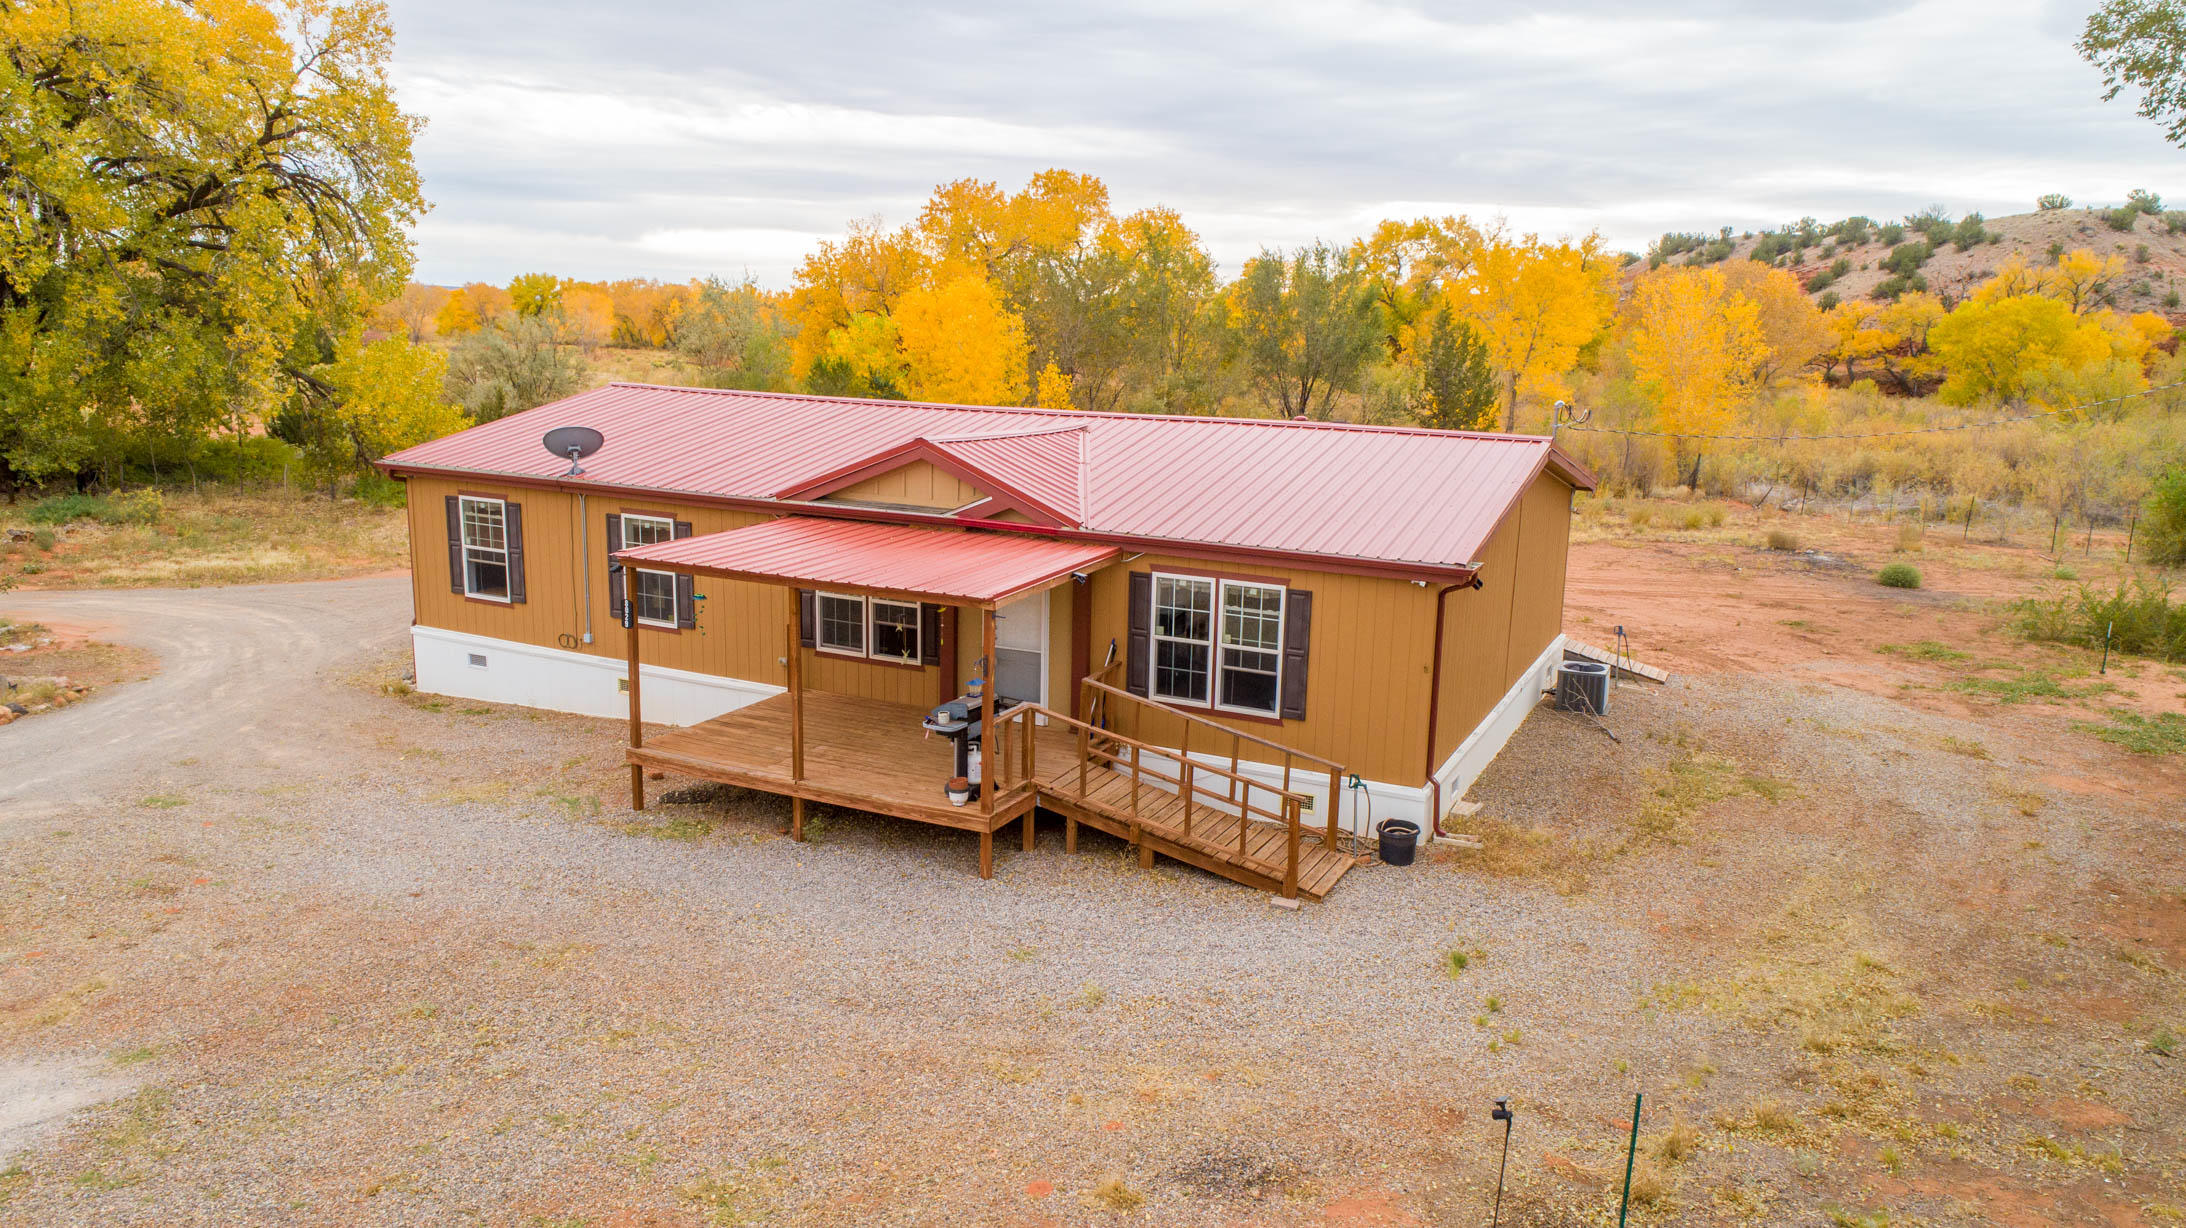 8029 HIGHWAY 4 Property Photo - Jemez Pueblo, NM real estate listing
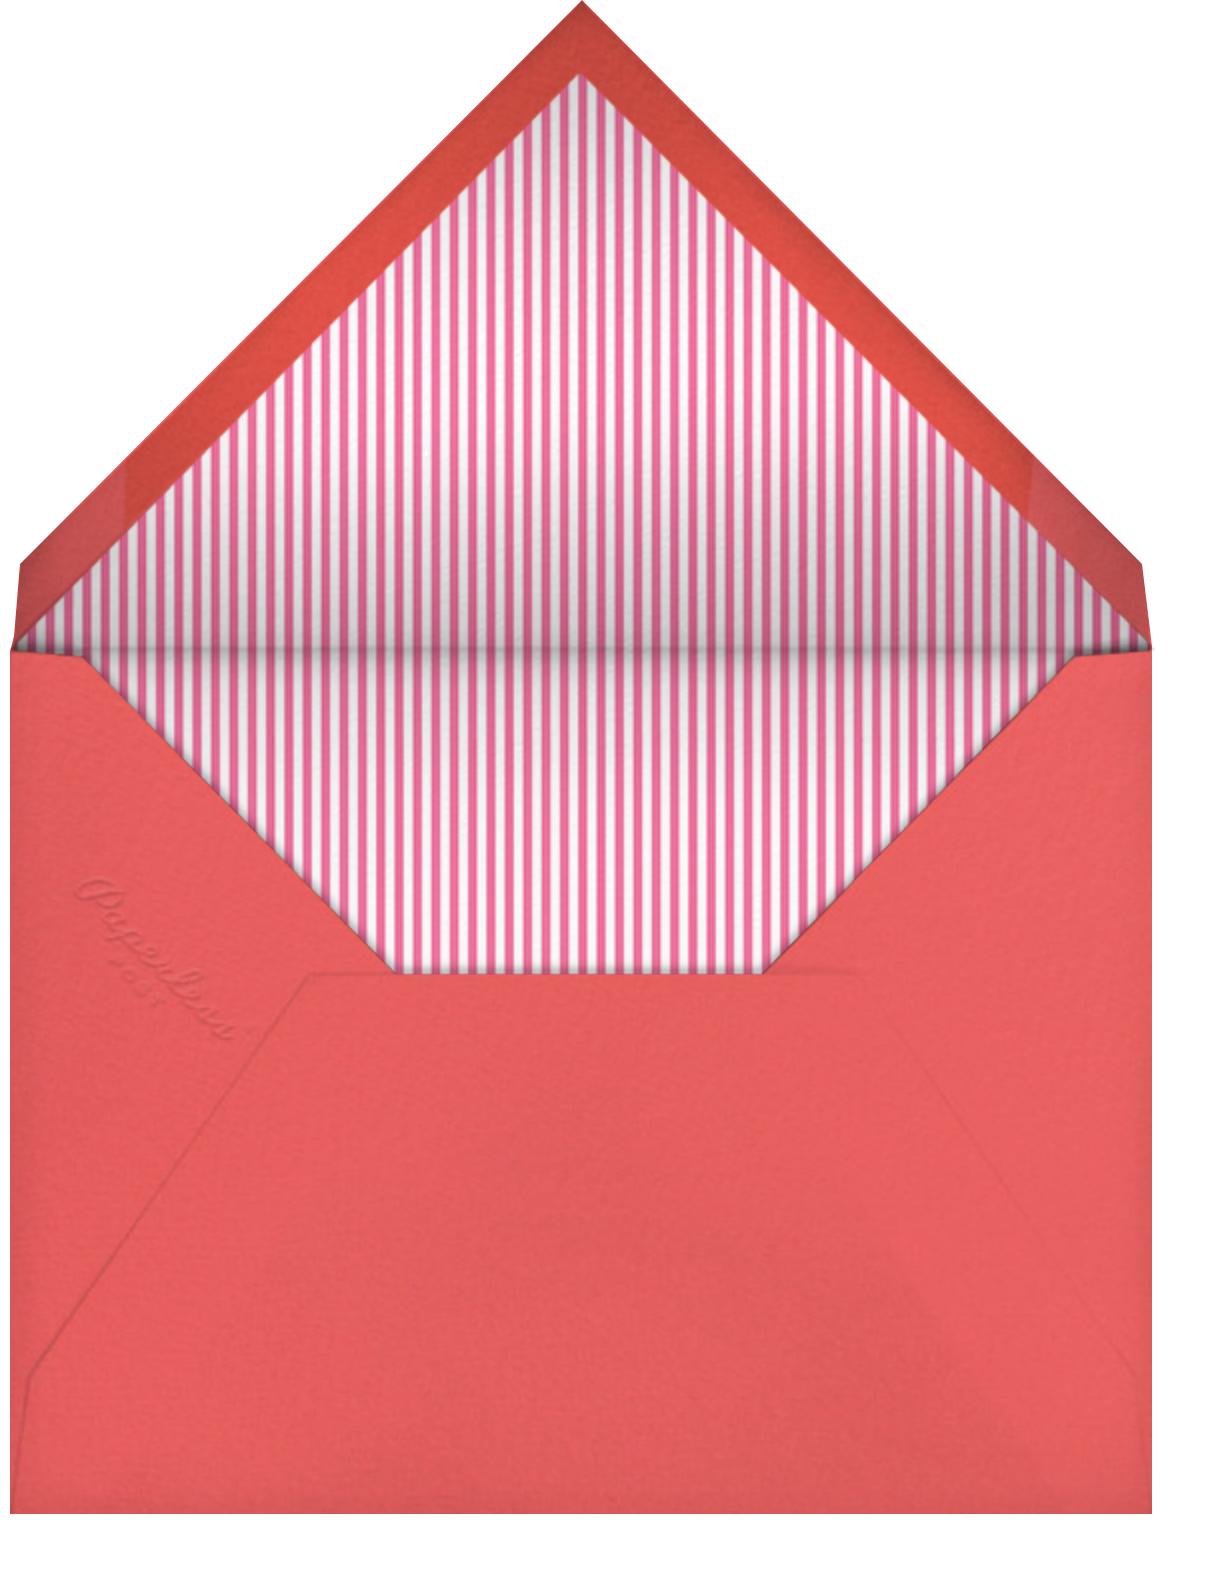 Birdie's Balloons (Greeting)  - Little Cube - Valentine's Day - envelope back
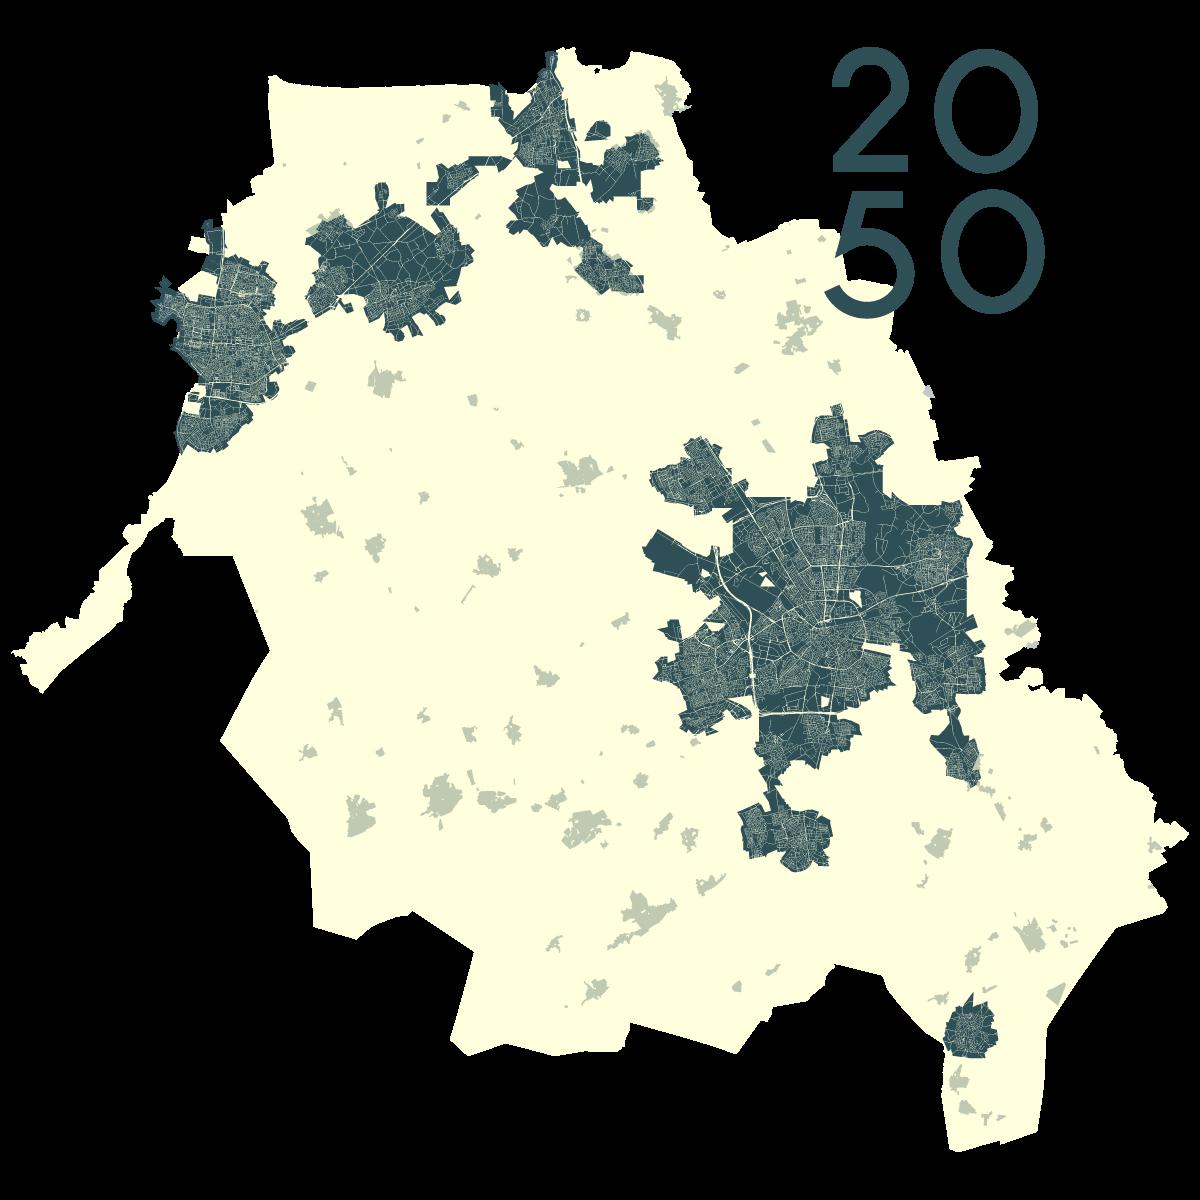 Zand-en-megasteden-2050
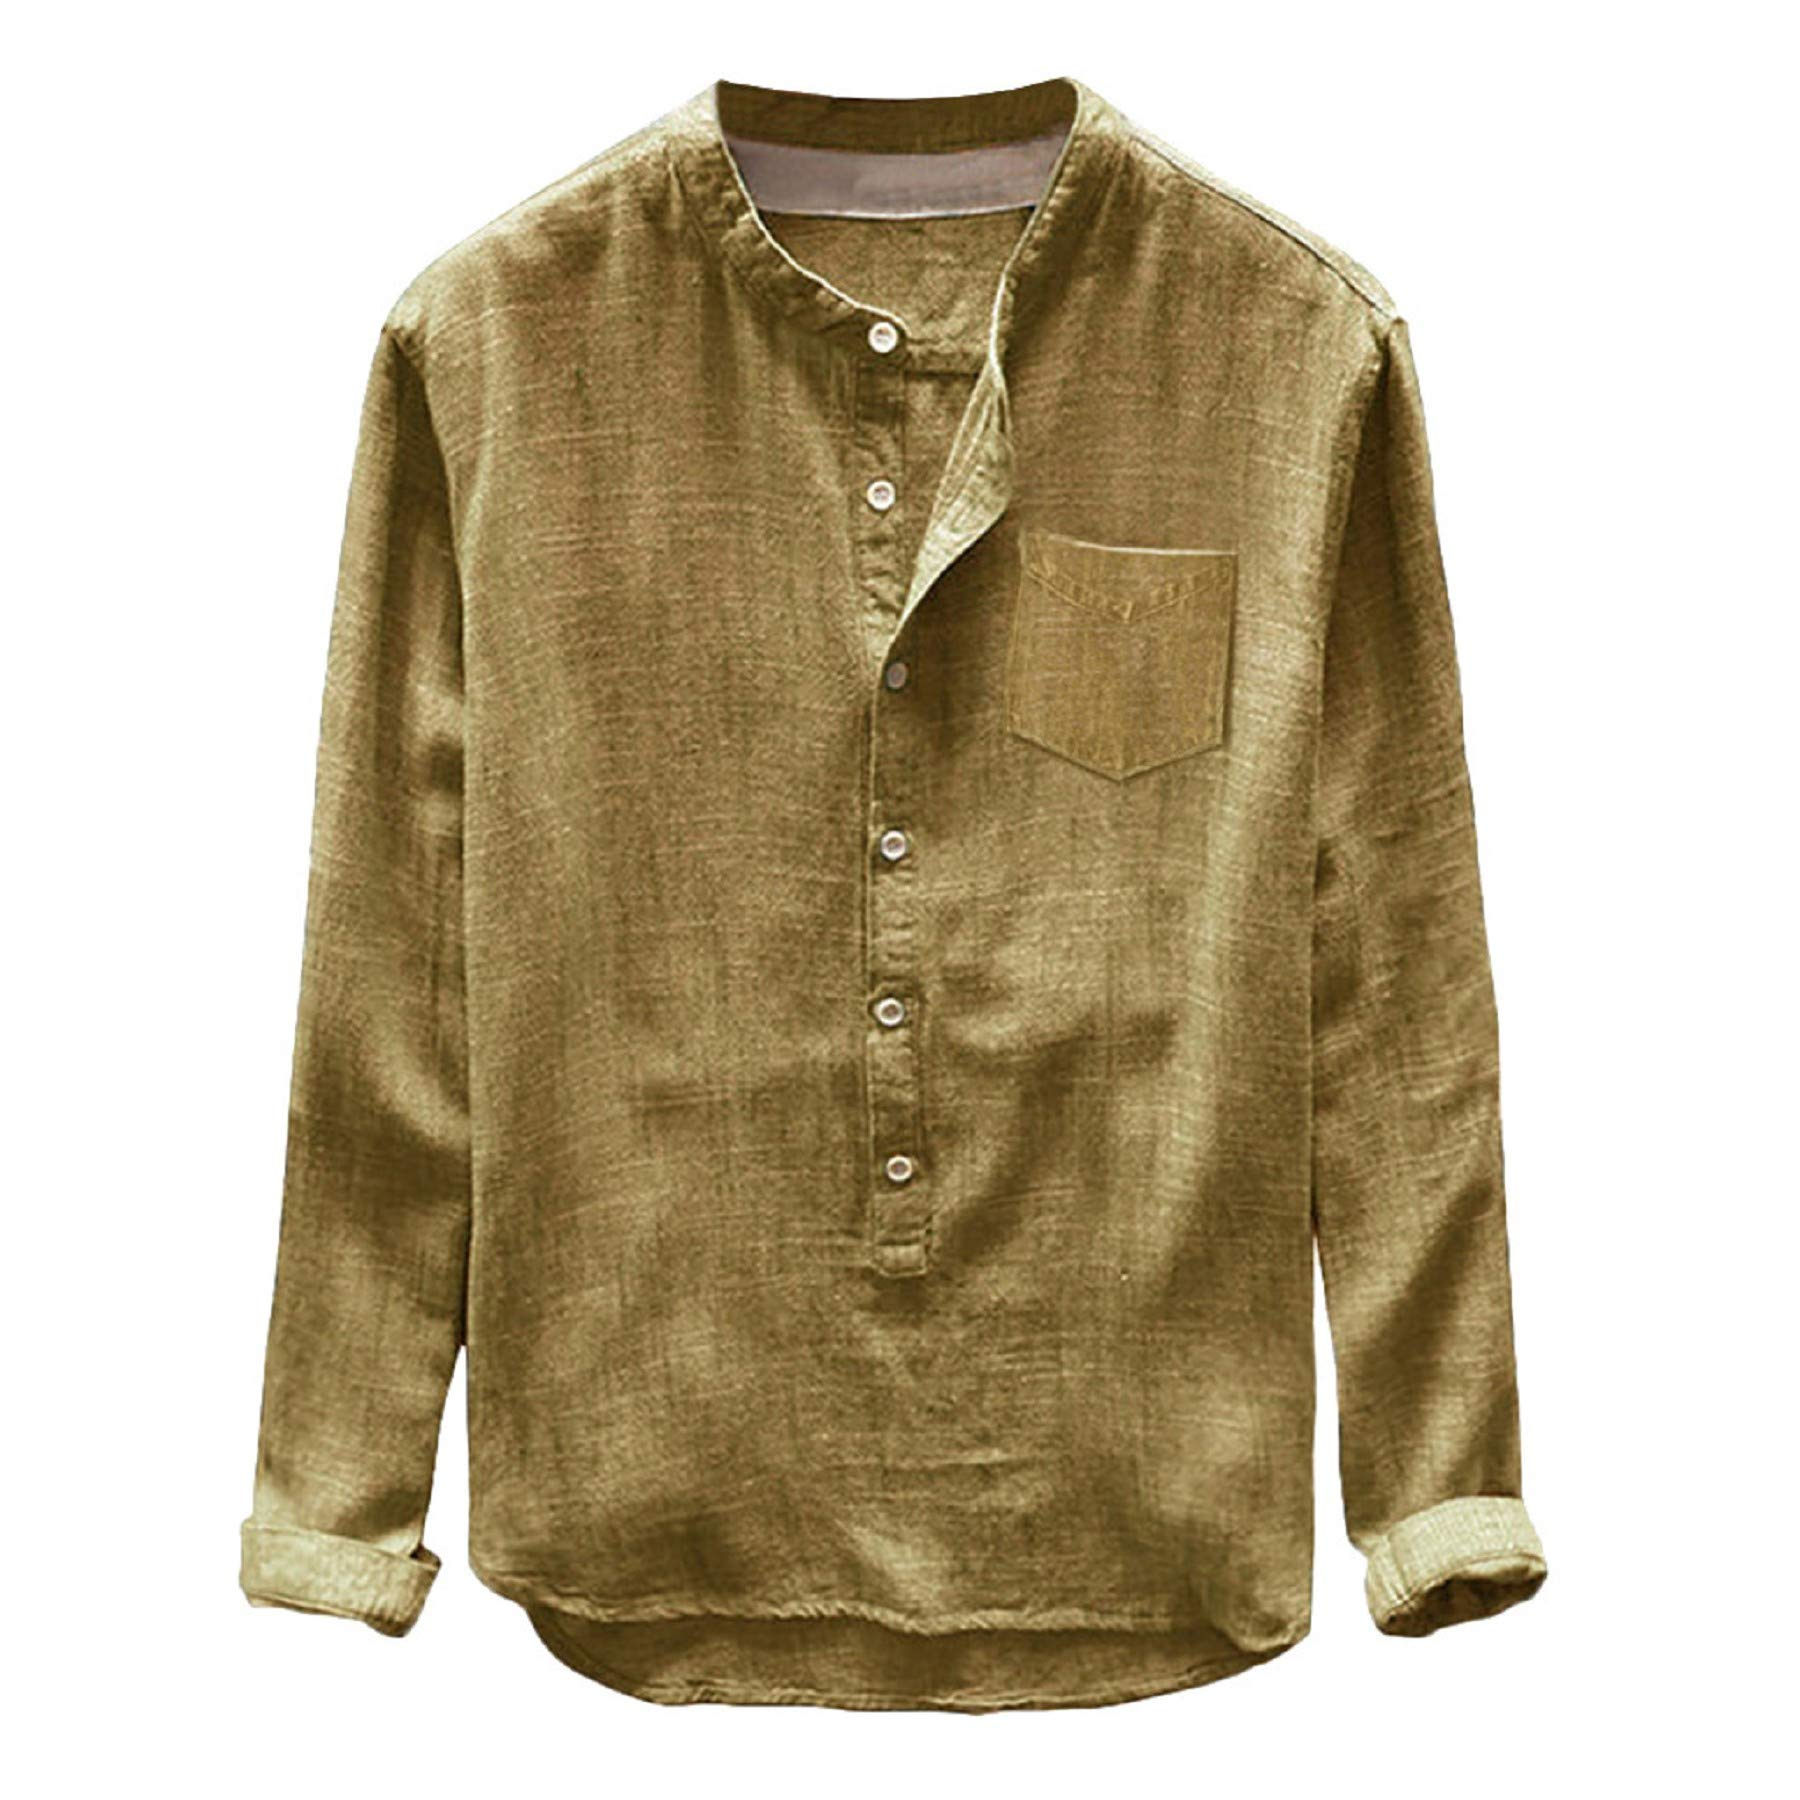 baskuwish Men's T-Shirt,Fashion Mens Autumn Summer Button Casual Linen Cotton Long Sleeve Top Blouse Boy Shirt Yellow
————
Work to complete
Extract the run of lines beginning with the line that holds "Birdie's Balloons (Greeting)" and ending at the last line of the data, inclusive. Exclude any pictures from the copy.

Solution for this exercise
 Birdie's Balloons (Greeting)  - Little Cube - Valentine's Day - envelope back
 Zand-en-megasteden-2050
 baskuwish Men's T-Shirt,Fashion Mens Autumn Summer Button Casual Linen Cotton Long Sleeve Top Blouse Boy Shirt Yellow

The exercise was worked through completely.